What is required: Keep the text of the data exactly as it is and omit each picture from the copy.

Data provided:
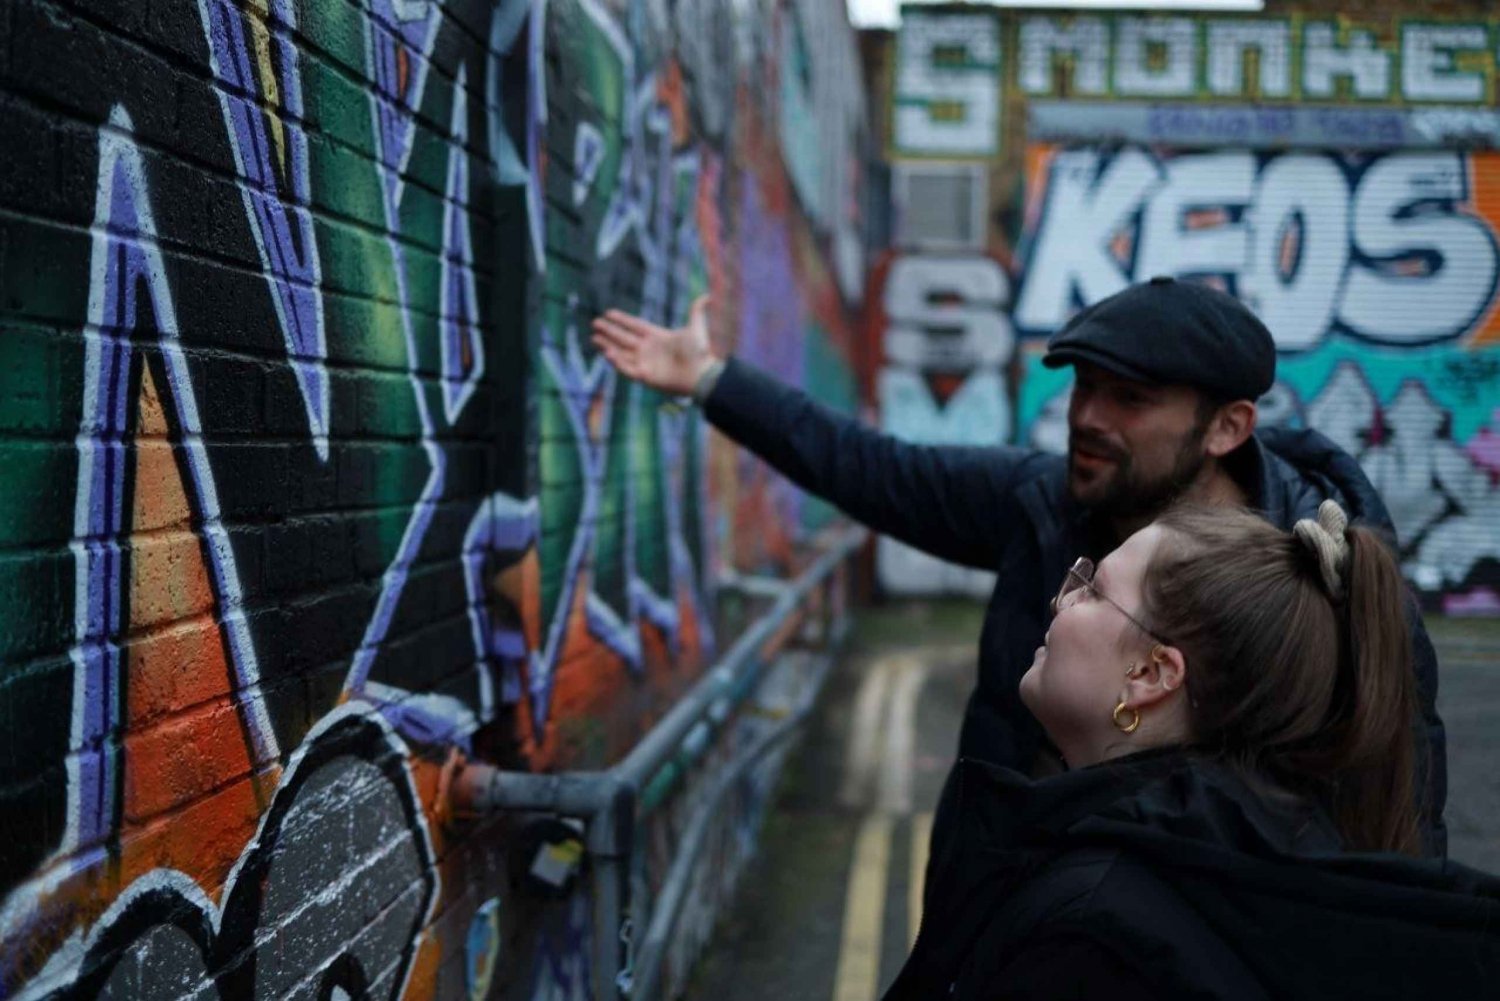 Lienzo Urbano: Explorando el vibrante arte callejero de Shoreditch
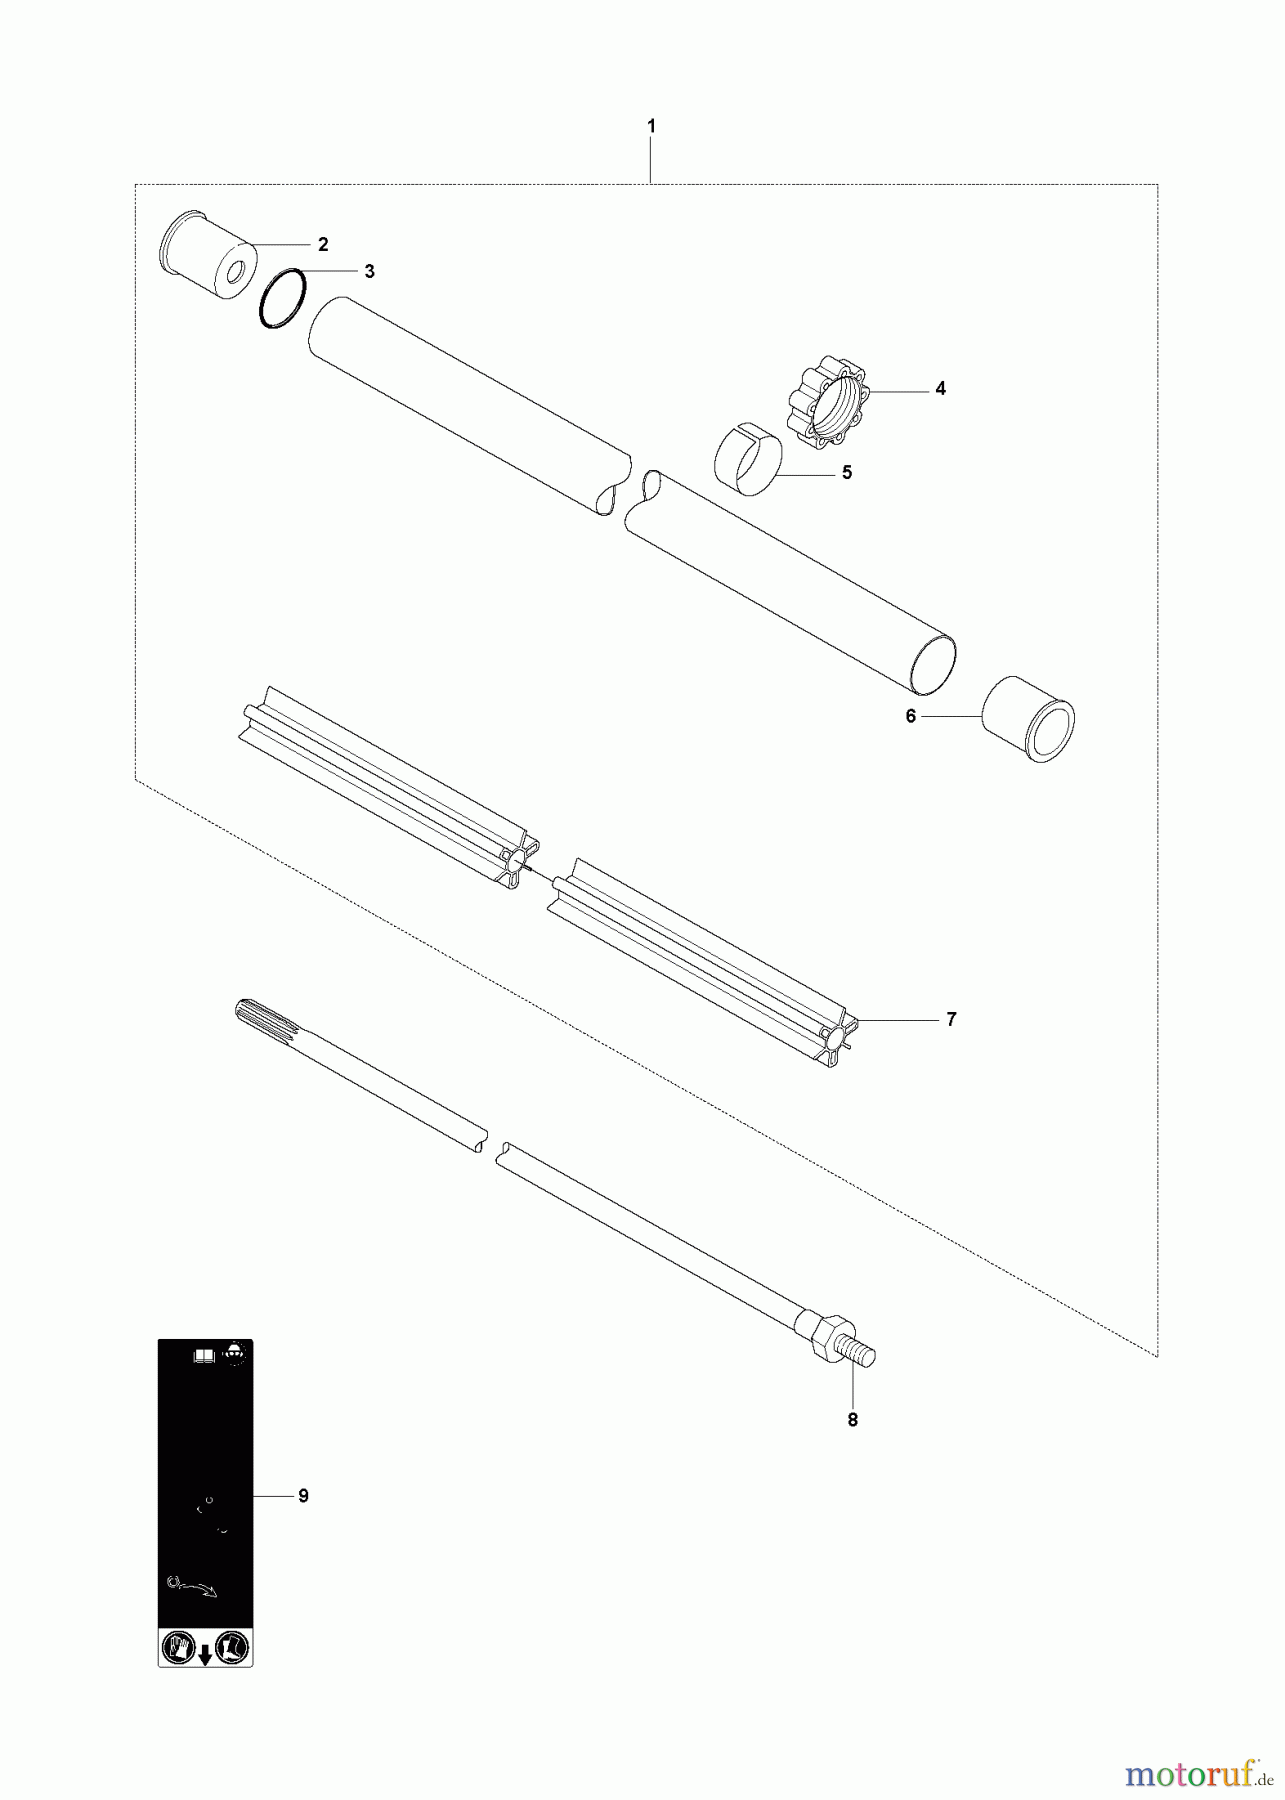  Jonsered Motorsensen, Trimmer CC2145 - Jonsered String/Brush Trimmer (2008-05) SHAFT
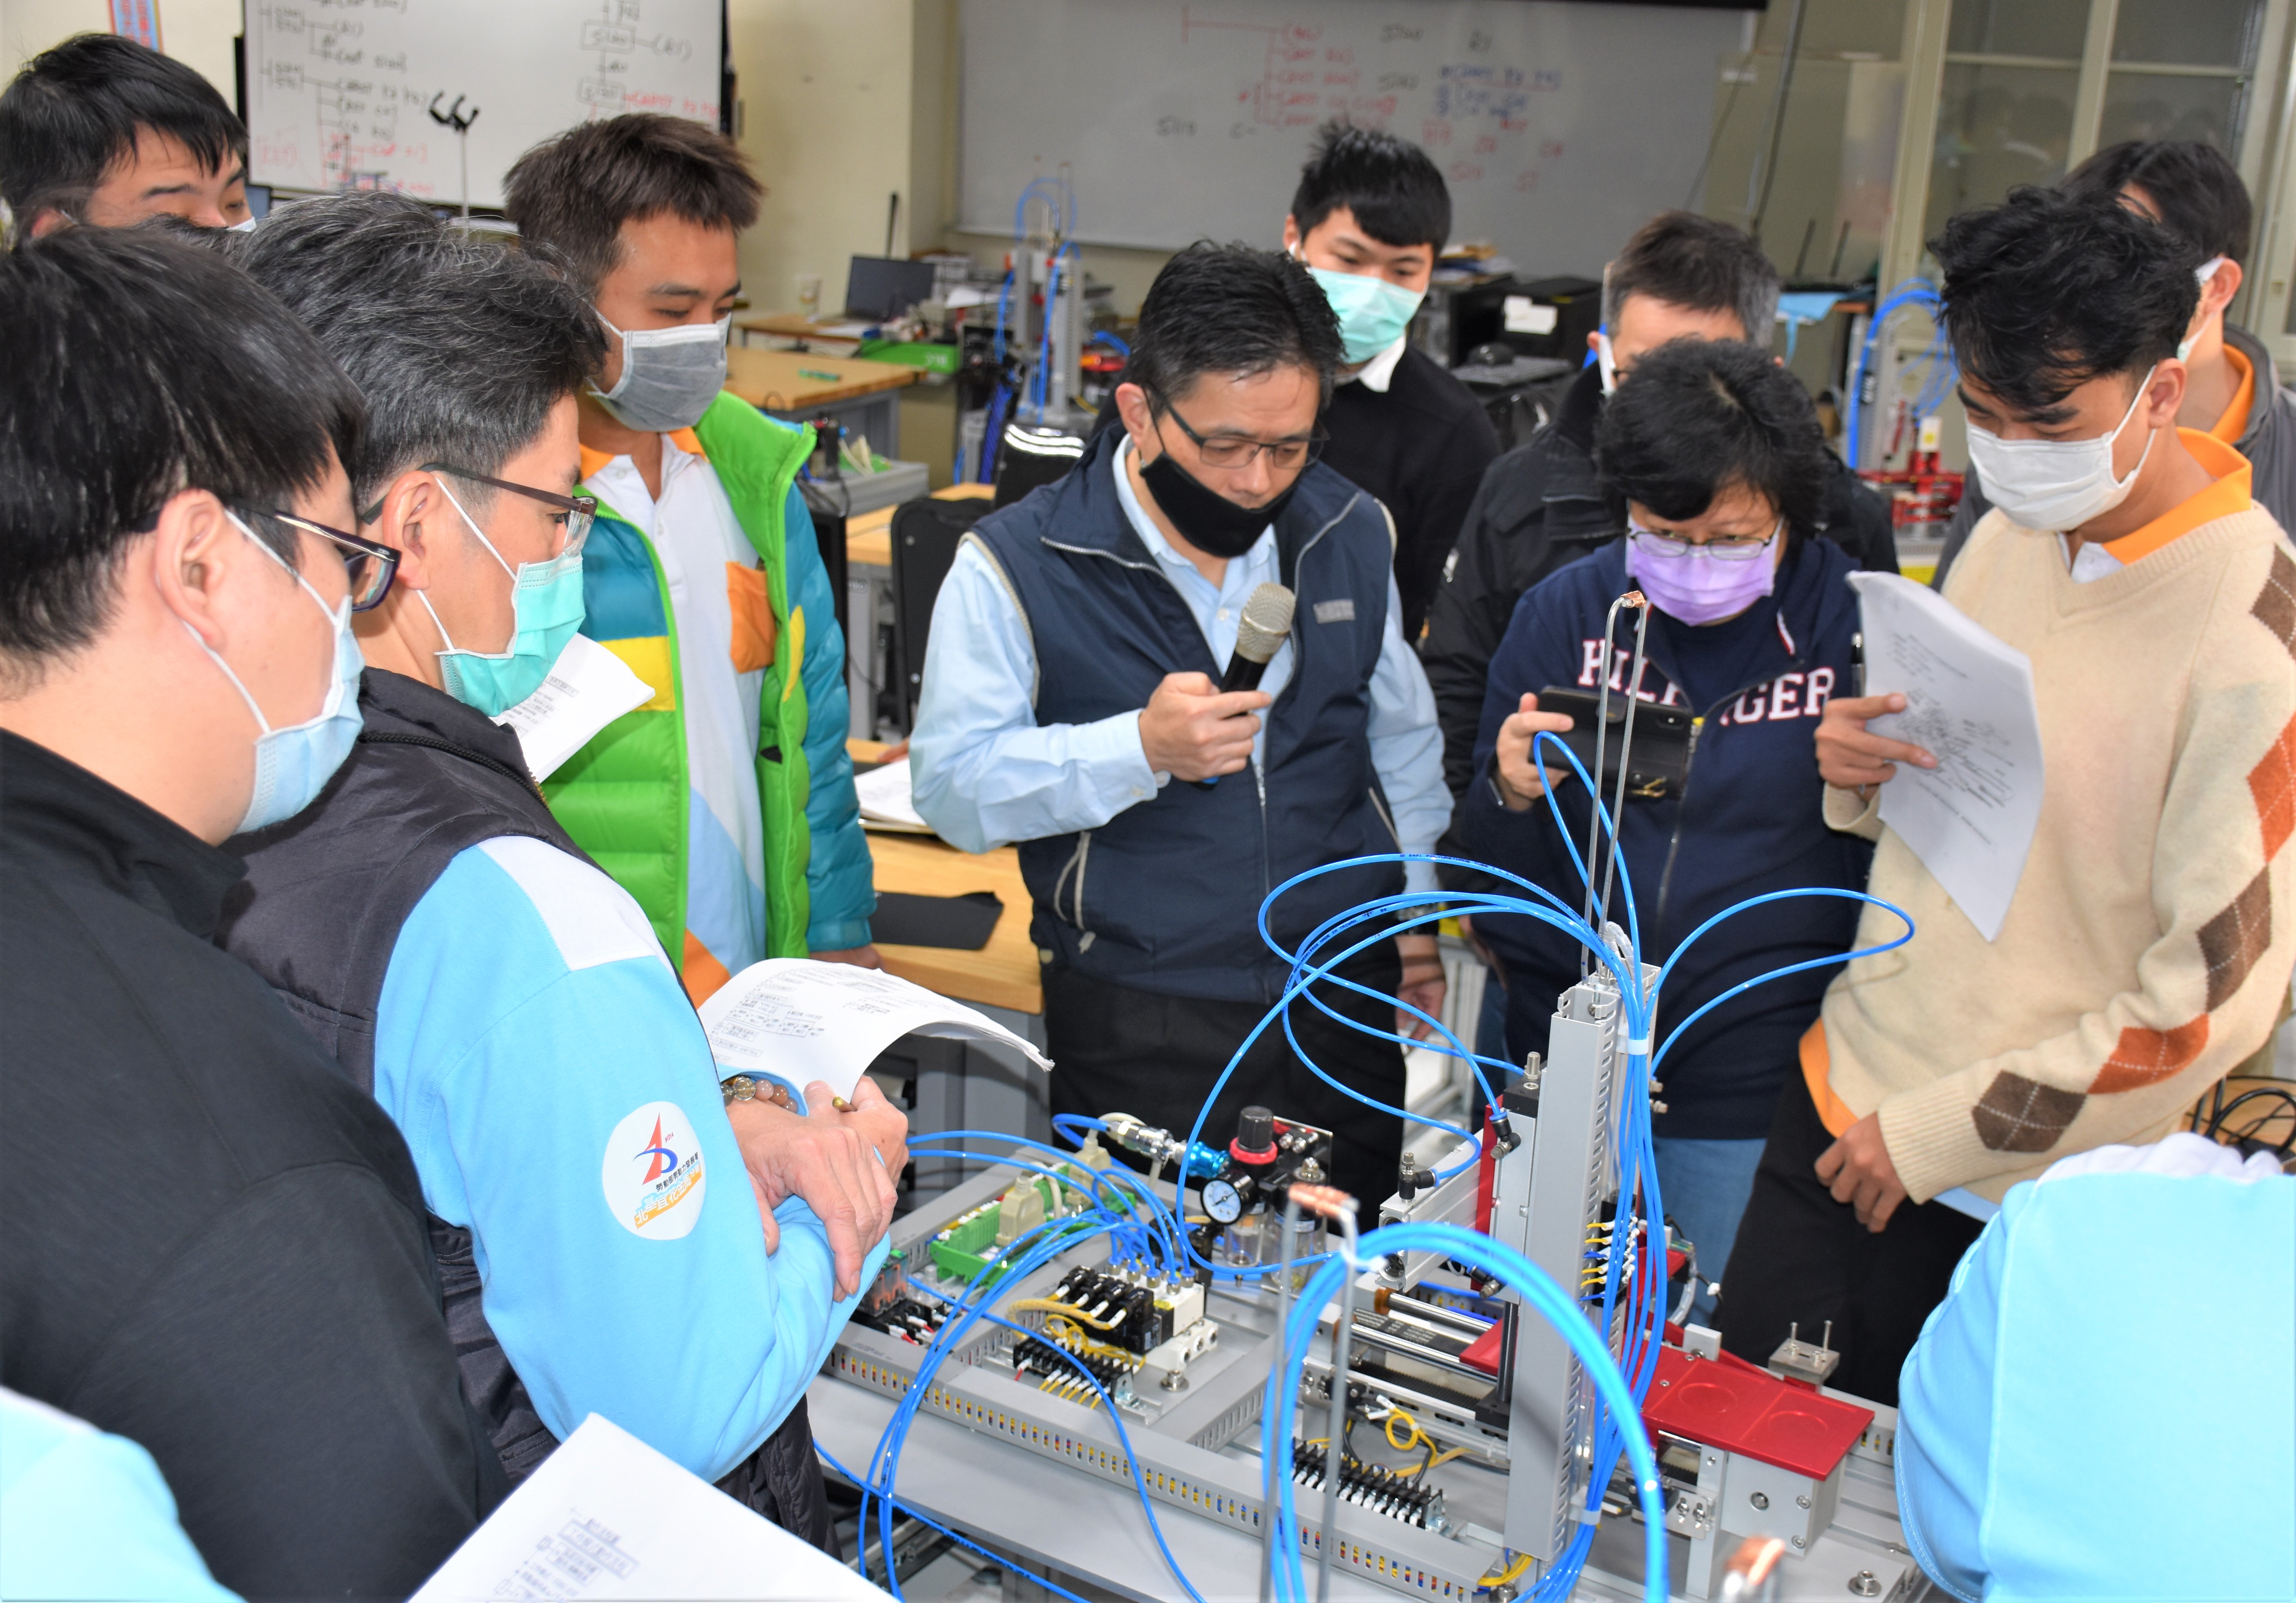 分署訓練師於機電整合之術科課程中向學員解說機電整合應用控制

Output for this task:
 Lienzo Urbano: Explorando el vibrante arte callejero de Shoreditch
  Jonsered Motorsensen, Trimmer CC2145 - Jonsered String/Brush Trimmer (2008-05) SHAFT
 分署訓練師於機電整合之術科課程中向學員解說機電整合應用控制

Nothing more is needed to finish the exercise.